I just hope I can lose weight so my husband can be proud of me and think I’m beautiful the way he once did. I want to be healthy. If anything, this is just one more thing to keep me motivated. But it still leaves a bitter taste in my mouth.

My 400lb Battle With Mental Illness

I don’t think it’s any coincidence that I am 400 pounds and also suffer from severe depression/Bipolar Disorder. I think one thing that is very much misunderstood is that my weight didn’t have a big impact on my depression as much as my depression caused an impact on my weight.

I have struggled with this illness since I was a child. It has never been easy and there was never any “trigger” that sparked my behavior and illness. It is ingrained in me and it will always be a part of me. Just to clear up any misconceptions-there are different types of Bipolar along with different symptoms. I do not have euphoria. Ever. My mania is along the lines of very increased irritability and uncontrollable bouts of rage. I am hyper, but irritated and mad. Not euphoric. On the other end is just extreme bouts of depression. I feel the depression more so than the mania.

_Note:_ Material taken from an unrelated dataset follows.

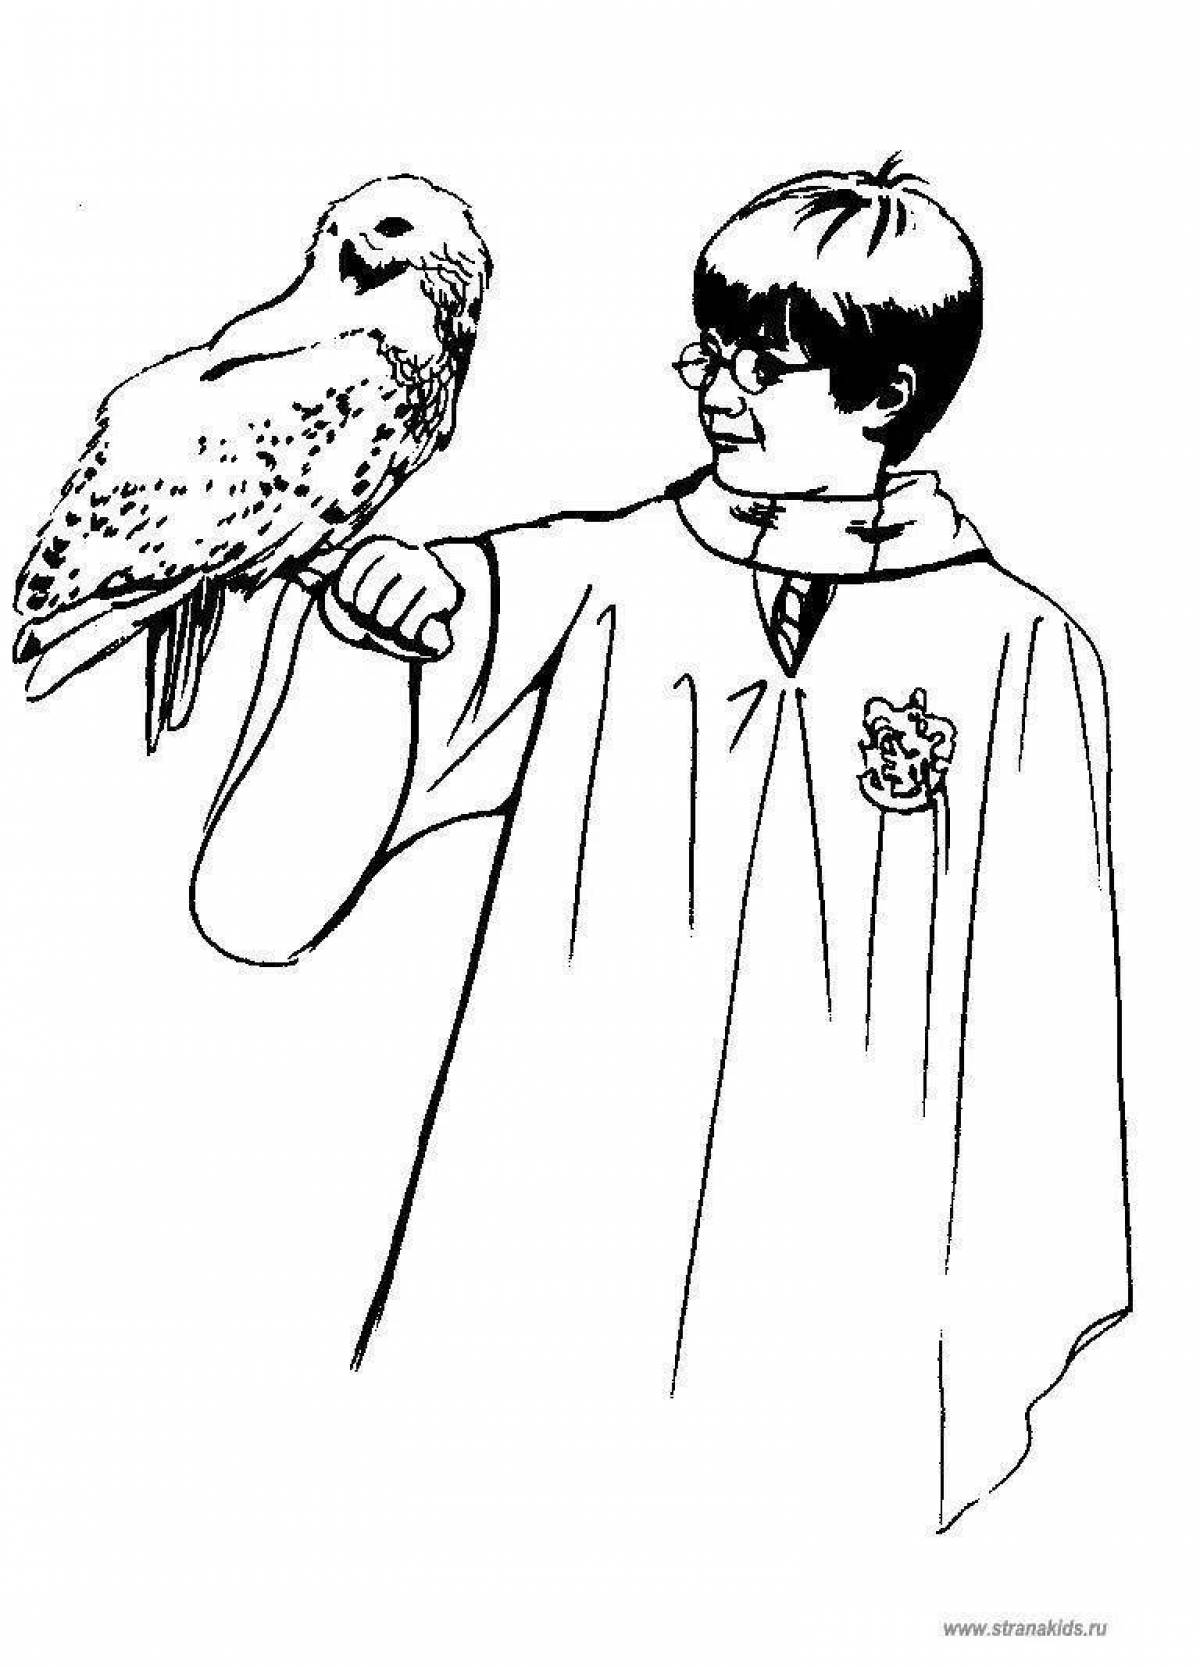 Elegant coloring of harry potter and philosopher's stone

And as a child one of my main coping mechanisms was to eat.

The things you do as kids really have a profound impact on your life as an adult. I have never been good at coping and that is the only way I know how. I have tried therapy but it has never helped as far as coping mechanisms. I do take medication but it does not “fix” you. So I am still stuck trying to figure out how to cope. I tend to use video games as a huge escape. That’s not really healthy either.

I have no point to this post other than to share my struggles. I don’t have any answers right now. I am stuck trying to dig myself out of the hole I am in. Trying to do it in a healthy way. There is so much more I could say but my thoughts feel way too muddled to express myself coherently. I guess this post is just to help you get to know me a little better. It’s not an excuse for my situation. Just a little background.

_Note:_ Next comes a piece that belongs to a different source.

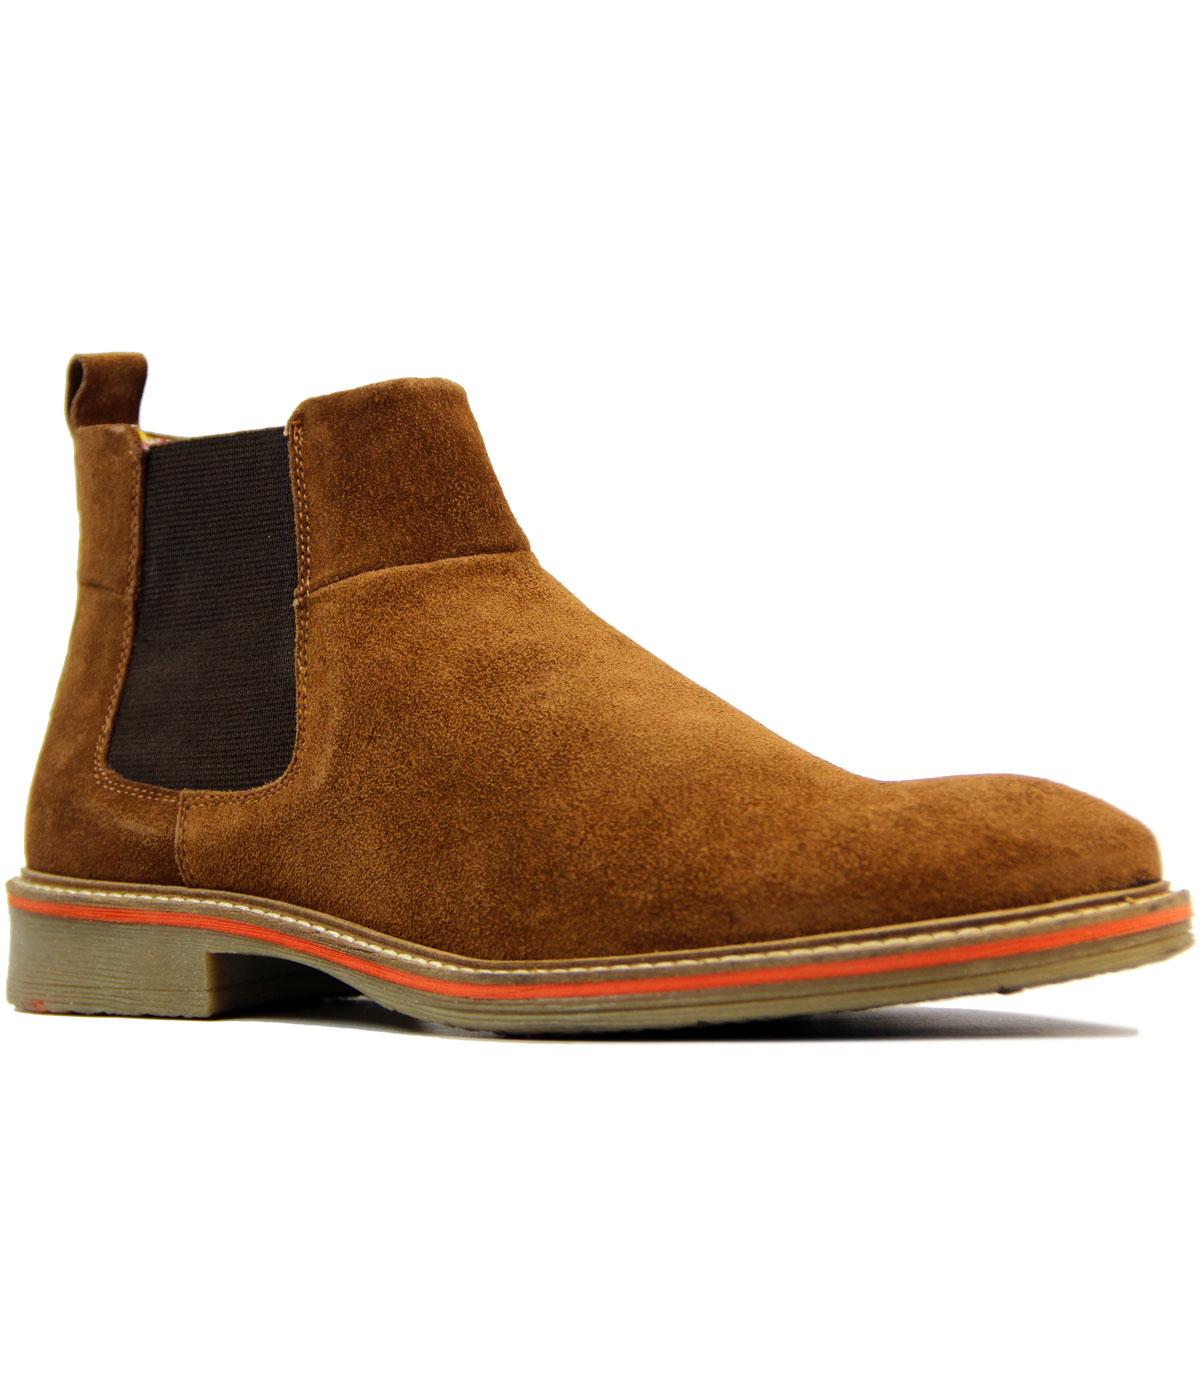 Retro 1960s Mod Suede Tipped Colour Chelsea Boots

One thing I WILL say is that cliches are right on. Exercise really does help you feel better. I have felt happier for the most part since starting to exercise and drink a lot of water. It feels cleansing for the soul. The hardest part is just getting motivated to do it. It is so hard to fight the battle raging within you to do something as simple as get out of bed and work out. But a 30 minute exercise first thing when you do manage to get out of bed can make a world of difference for the rest of your day.

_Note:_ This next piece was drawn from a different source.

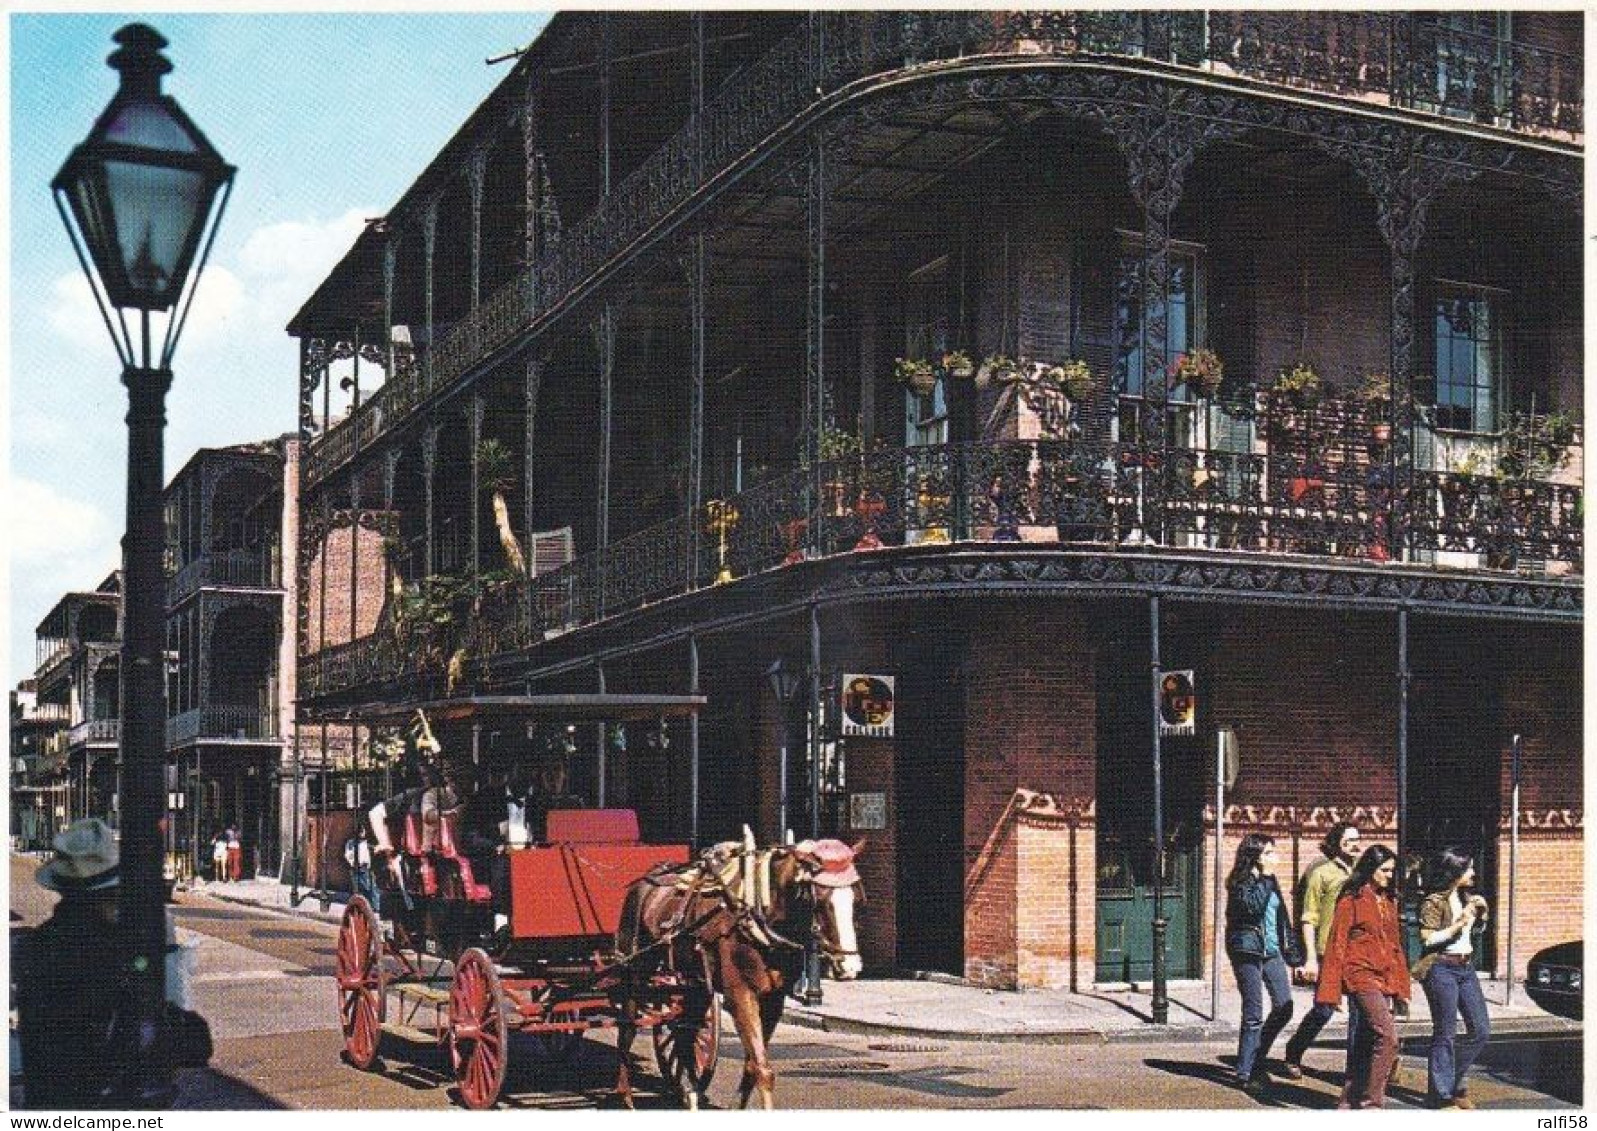 3 AK USA Louisiana * French Quarter In New Orleans - Lace Balconies St. Peter Street, Royal Street And Dumaine Street * - New Orleans

I believe in all of you. I know you can do this! I know I can do this. I just need to believe in myself, too.

Thank you all!

You guys have been so encouraging and have been a really great source of inspiration when I’m feeling like I did yesterday. I didn’t want to do anything, but I read your comments and somehow mustered up the energy to work out and I felt so much better.

Thank you all so much for your support!